For some reason when using Times New Roman in my mpl
plots it appears bold. Other fonts are OK.
Here is a minimal example, and the result (inside a Word document, for comparison with what I expect Times New Roman to look like).
import matplotlib as mpl
import matplotlib.pyplot as plt
with plt.style.context('word'):
fig = plt.figure(1, figsize=(3.4, 2.1))
ax1 = plt.subplot(111)
ax1.plot([1,2,3,4,5], '+--')
ax1.text(0.5, 3.5, r"Brown $\alpha + 12 \sum_ix$")
ax1.text(0.5, 3, r"1.0 2.0")
ax1.set_xlabel('normal 1.0 and math $1.0$')
ax1.set_ylabel('Times New Roman')
plt.tight_layout()
fig.savefig('word.pdf')
with the word
stylesheet containing
backend: PS
text.usetex: False
font.family: serif
font.serif: Times New Roman
font.size: 11
axes.titlesize: 11
axes.labelsize: 11
The plot is included in the document with its actual size (3.4'' by 2.1'').
The font is correctly found and it is also working in math-mode (see the alpha in the plot). It just seems that this is bold...
As mentioned the font selection algorithm picks the first font in the Time New Roman family, which has four different files (bold, bold italic, italic and regular). So the steps would be:
C:\Windows\Fonts\Times New Roman
Digging into more details I realized that the bug is real and that mpl
is actually selecting a Times New Roman Bold font.
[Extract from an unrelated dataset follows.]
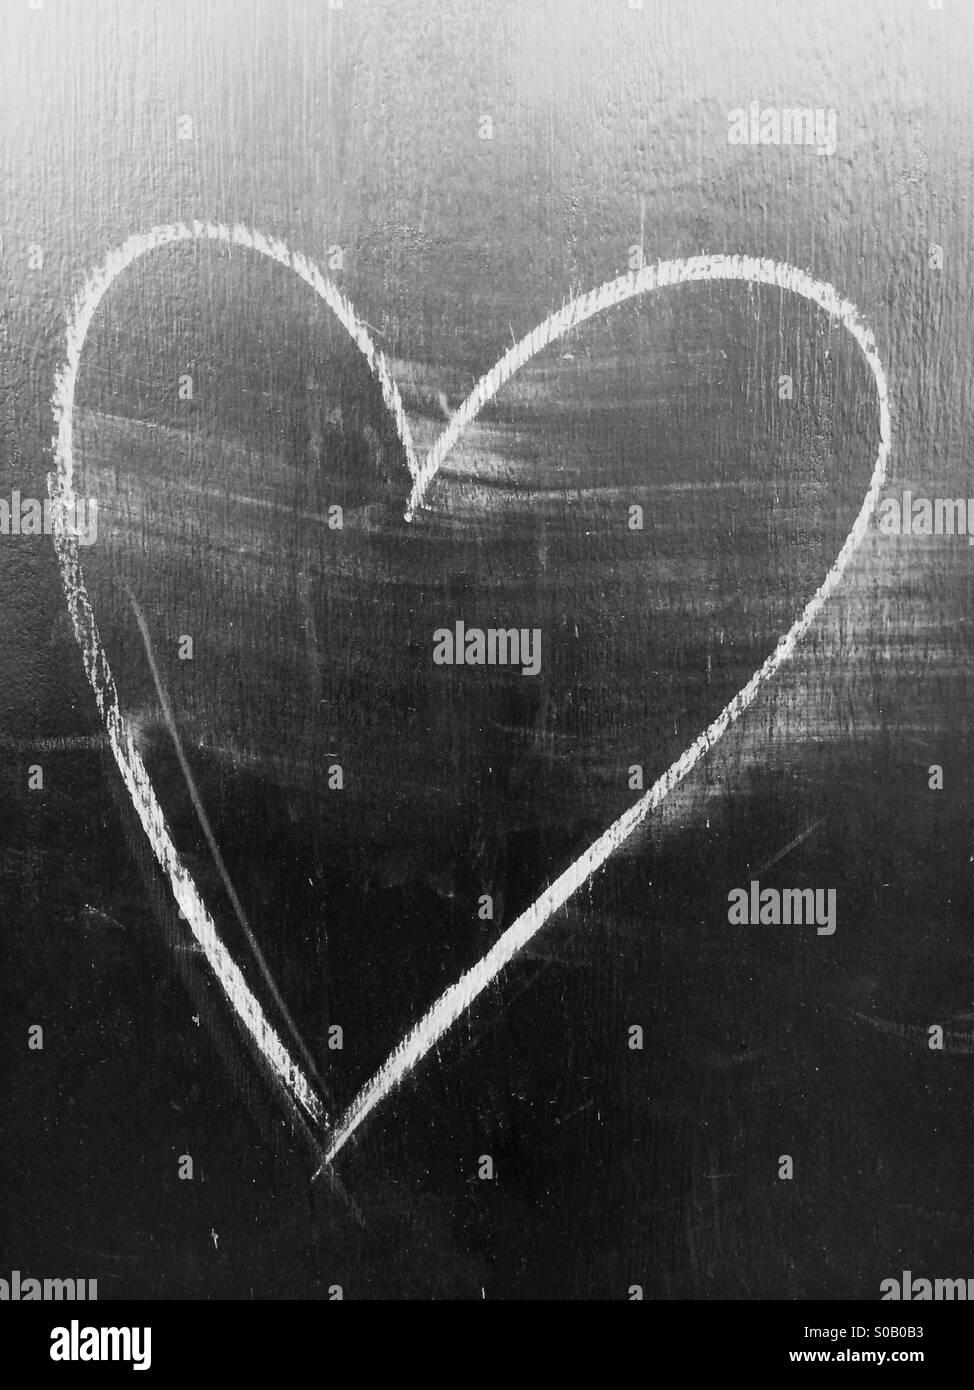 Herz Form Graffiti in New York mit Kreide gezogen und leicht verschwommen. Stockbild

The font selection algorithm in font_manger.py
assigns weights on every font it finds based on the family, variant, weight, etc. (around line 1290). The "name" coming from Times New Roman Bold.ttf
is just 'Times New Roman' which might make sense, but the weight is 500, the same value as the regular font:
<Font 'Times New Roman' (Times New Roman Bold.ttf) normal normal 500 normal> with score 0.1
<Font 'Times New Roman' (Times New Roman.ttf) normal normal 500 normal> with score 0.1
On my Mac and Linux setup the bold one is encountered first and is selected by the code
if score < best_score:
best_score = score
best_font = font
I dirty patch is to replace <
by <=
...
I know the question is very old, but it still is a problem, at least for me on my mac. I found a very easy solution to this problem, posted by azag0 on github
del matplotlib.font_manager.weight_dict['roman']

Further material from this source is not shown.